Glioma

Increasing incidence noted, especially among the elderly, as result of improved imaging techniques.

Glioblastomas account for approximately 60-70% of malignant gliomas, 10-15% anaplastic astrocytomas, anaplastic ((oligodendrogliomas)) and anaplastic oligoastrocytomas 10%, and less common lesions of anaplastic ependymomas and anaplastic gangliogliomas account for the rest of the tumors.

Represent 42% of primary CNS tumors with more than three-fourths being malignant.

40% more common in men and twice as more common in white people than in blacks.

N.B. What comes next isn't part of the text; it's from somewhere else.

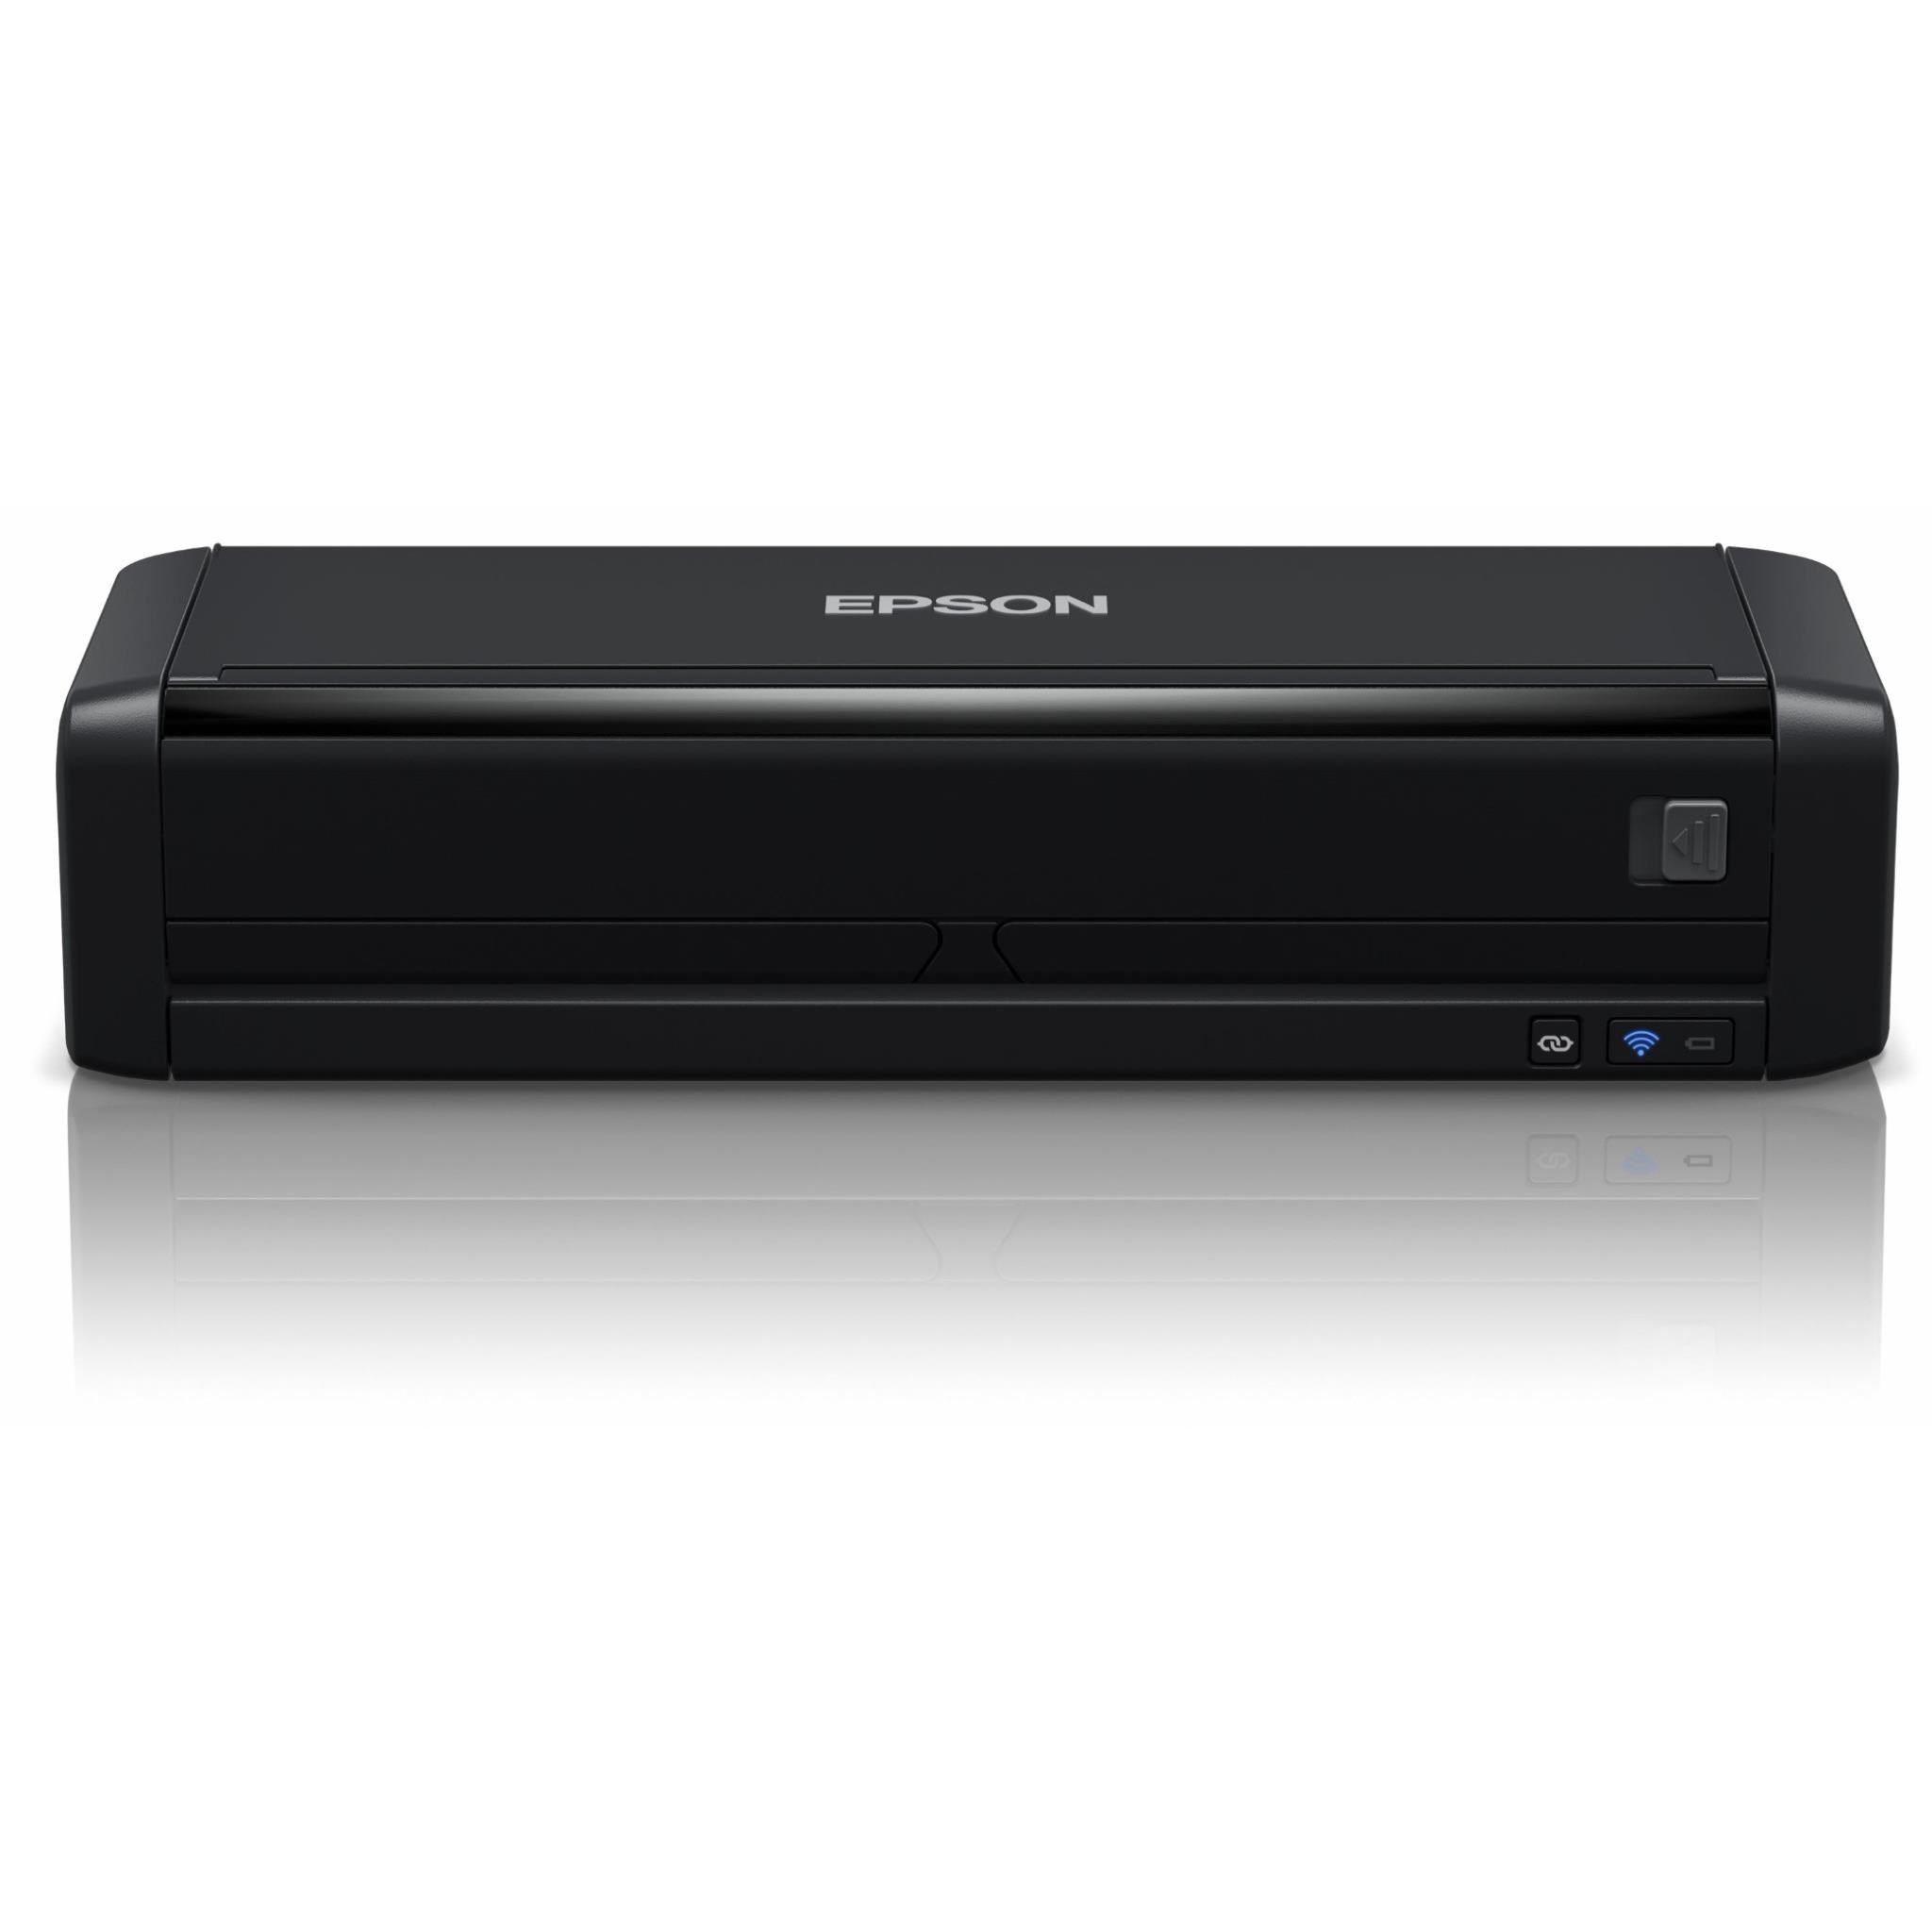 For Business, Epson's Business Scanner Range, A4 Compact Desktop Scanners

Median age for glioblastomas is 64 years and for anaplastic astrocytomas is 45 years.

Anaplastic gliomas are classified as grade 3 malignant tumors by WHO classification: and include the anaplastic astrocytoma, anaplastic oligodendroglioma, and anaplastic oligoastrocytoma or mixed glioma.

Anaplastic gliomas are highly aggressive lesions and tend to occur in young adults.

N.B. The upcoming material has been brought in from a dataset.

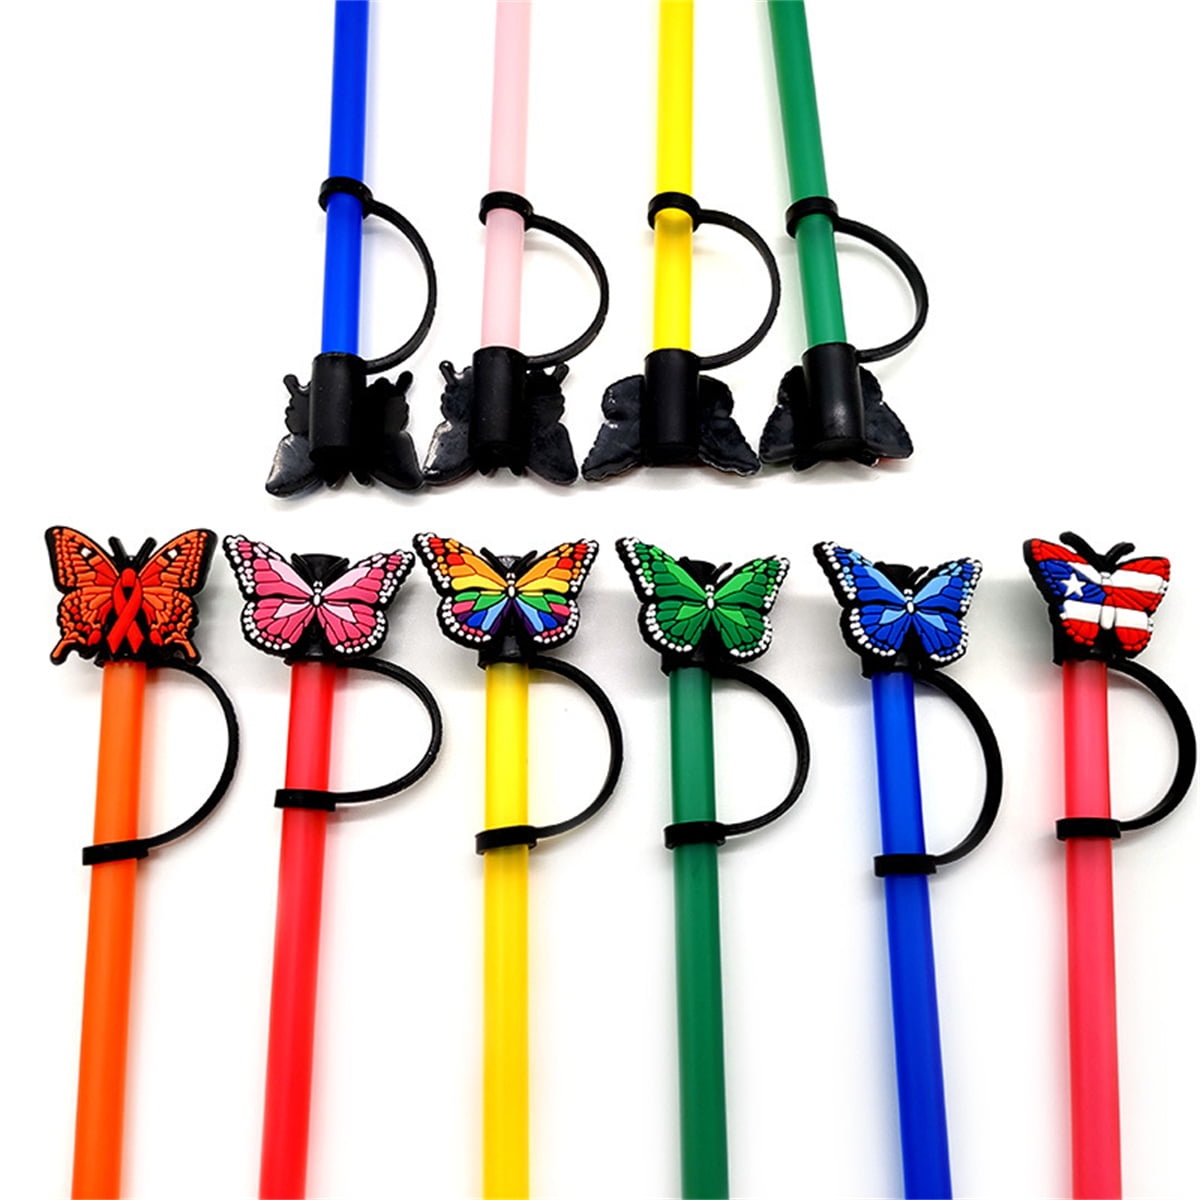 9pcs 8mm Safe Butterfiles Straw Stopper Easy To Clean Silicone Straw Cover  Reusable Food Grade Butterflies Straw Covers for Home - AliExpress

Anaplastic gliomas usually recur or progress to grade 4 lesions, glioblastomas, within several years of diagnosis regardless of surgery, radiation therapy or chemotherapy.

Anaplastic astrocytoma is account for 3.2% of primary brain tumors, anaplastic oligodendrogliomas account for 1.2% of primary brain tumors, while glioblastomas account for 20.3% of primary brain tumors (Central Brain Tumor Registry of the U.S.).

Anaplastic gliomas are often heterogeneous and harbor more malignant foci than sampled by biopsy specimens, and are not usually amenable to complete resection.

Anaplastic mixed gliomas have a prognosis intermediate between anaplastic oligodendroglioma and anaplastic astrocytoma.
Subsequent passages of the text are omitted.